Alec J. Davidson scite author profile

Circadian rhythms modulate nearly every mammalian physiological process. Chronic disruption of circadian timing in shift work or during chronic jet lag in animal models leads to a higher risk of several pathologies. Many of these conditions in both shift workers and experimental models share the common risk factor of inflammation.

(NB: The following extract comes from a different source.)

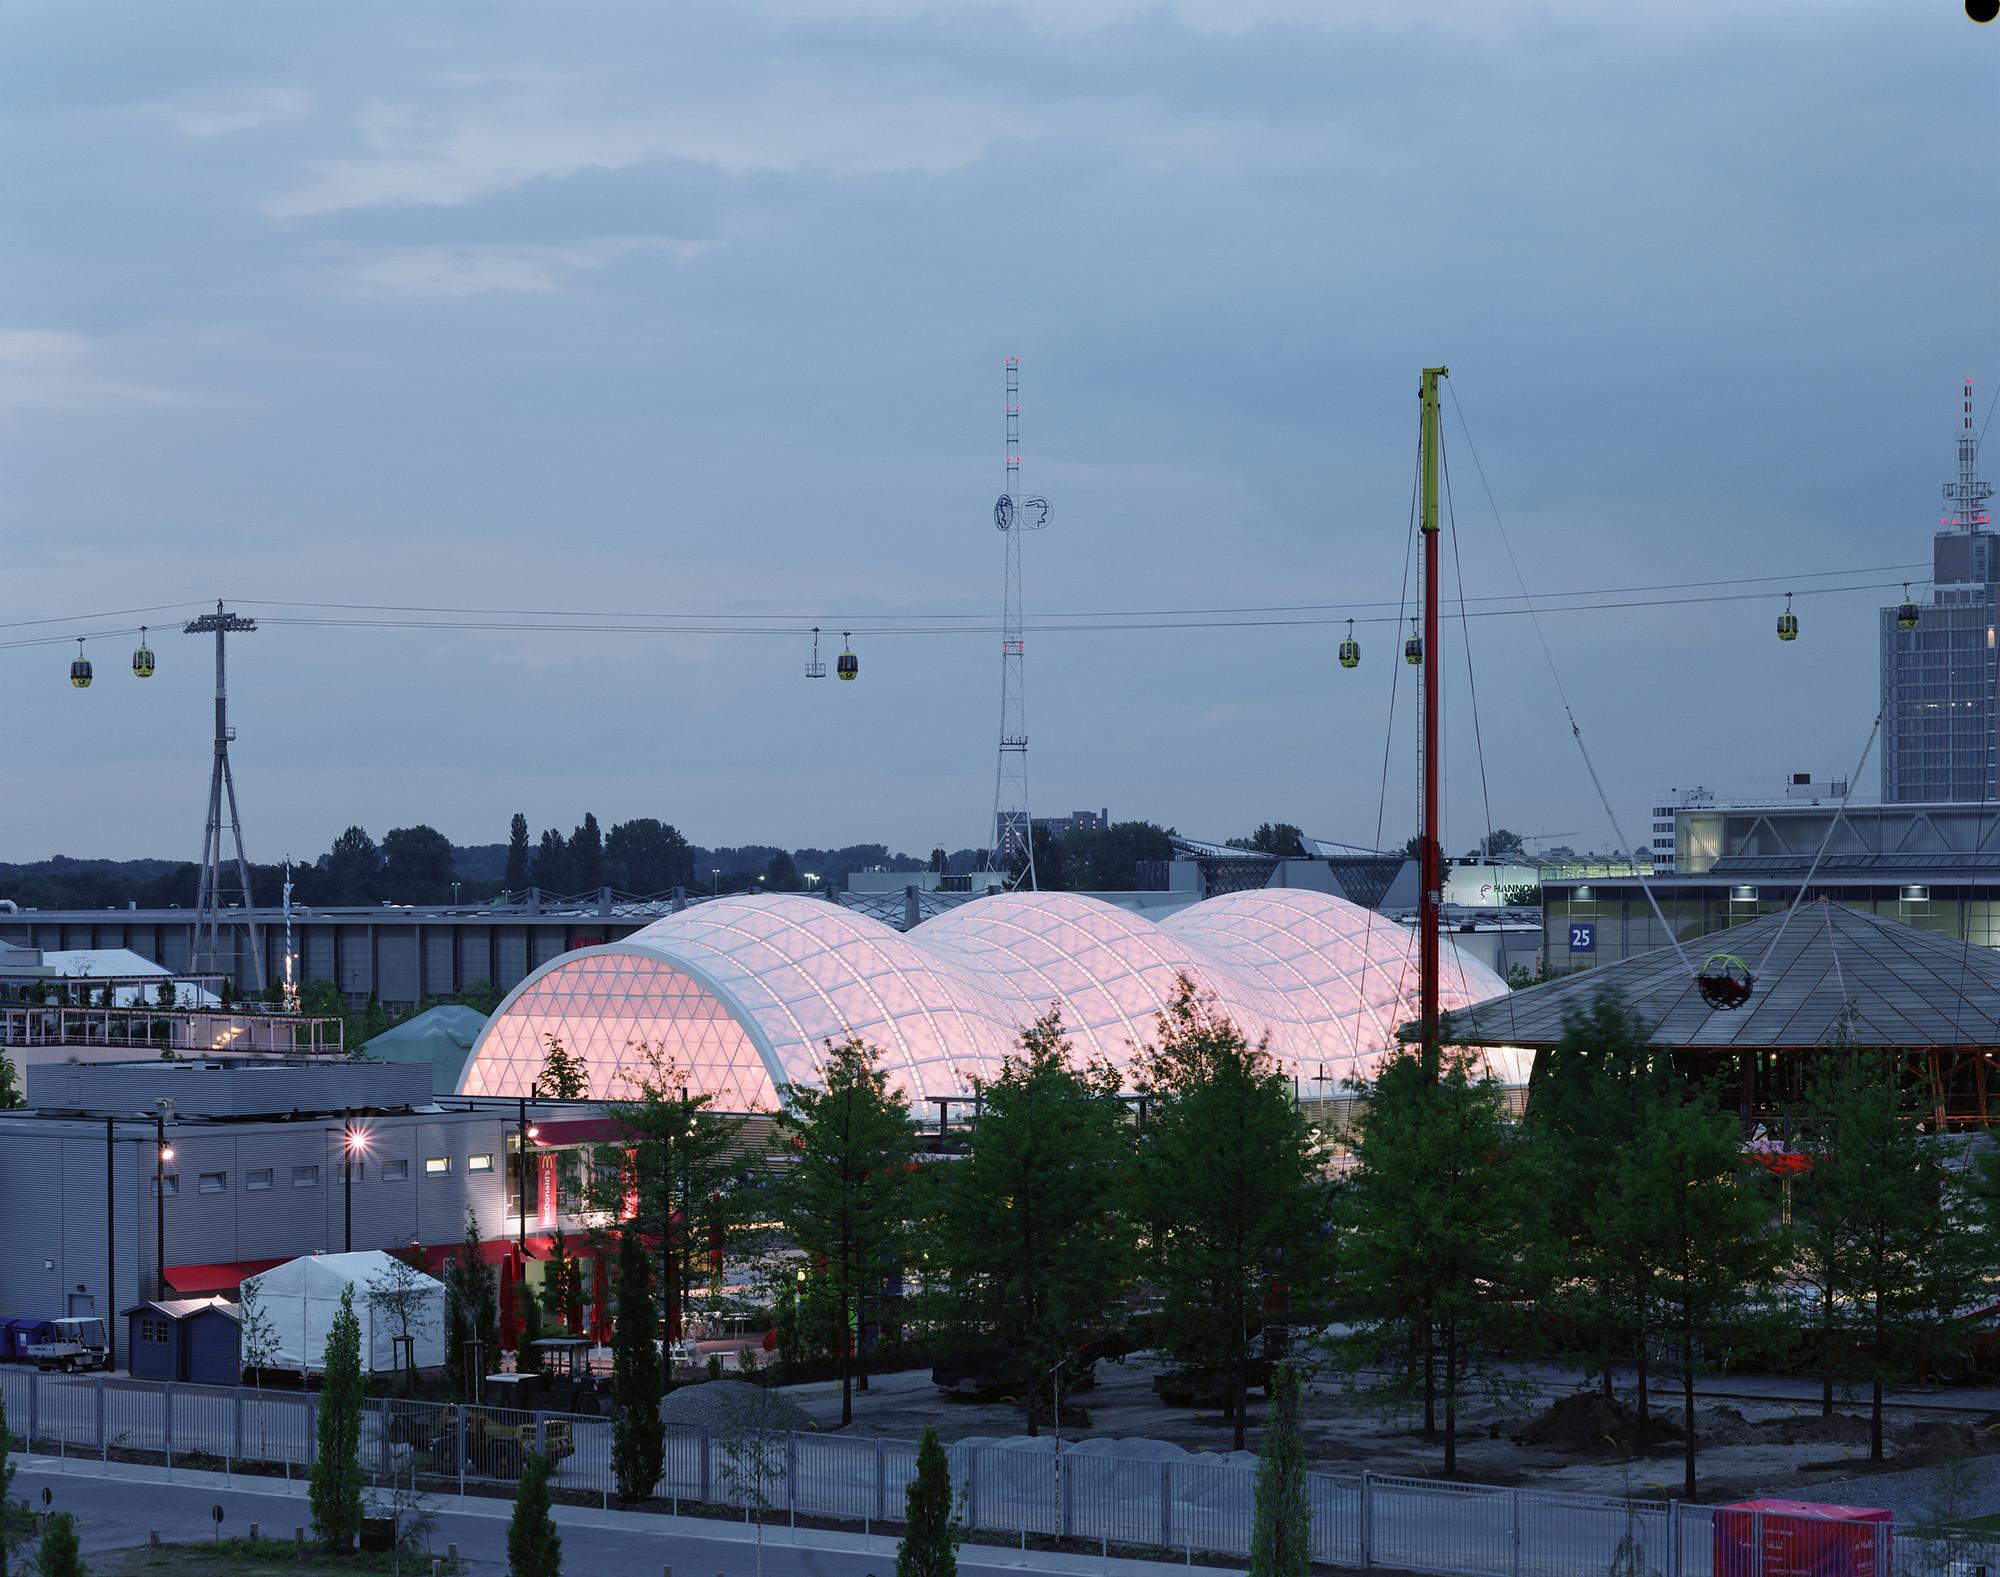 Pabellón de Japón en Expo 2000 Hannover, 2000, Hannover, Alemania. © Hiroyuki Hirai

In this study, we show that experimentally induced circadian disruption altered innate immune responses. Endotoxemic shock induced by LPS was magnified, leading to hypothermia and death after four consecutive weekly 6-h phase advances of the light/dark schedule, with 89% mortality compared with 21% in unshifted control mice. This may be due to a heightened release of proinflammatory cytokines in response to LPS treatment in shifted animals. Isolated peritoneal macrophages harvested from shifted mice exhibited a similarly heightened response to LPS in vitro, indicating that these cells are a target for jet lag. Sleep deprivation and stress are known to alter immune function and are potential mediators of the effects we describe. However, polysomnographic recording in mice exposed to the shifting schedule revealed no sleep loss, and stress measures were not altered in shifted mice. In contrast, we observed altered or abolished rhythms in the expression of clock genes in the central clock, liver, thymus, and peritoneal macrophages in mice after chronic jet lag. We conclude that circadian disruption, but not sleep loss or stress, are associated with jet lag-related dysregulation of the innate immune system. Such immune changes might be a common mechanism for the myriad negative health effects of shift work.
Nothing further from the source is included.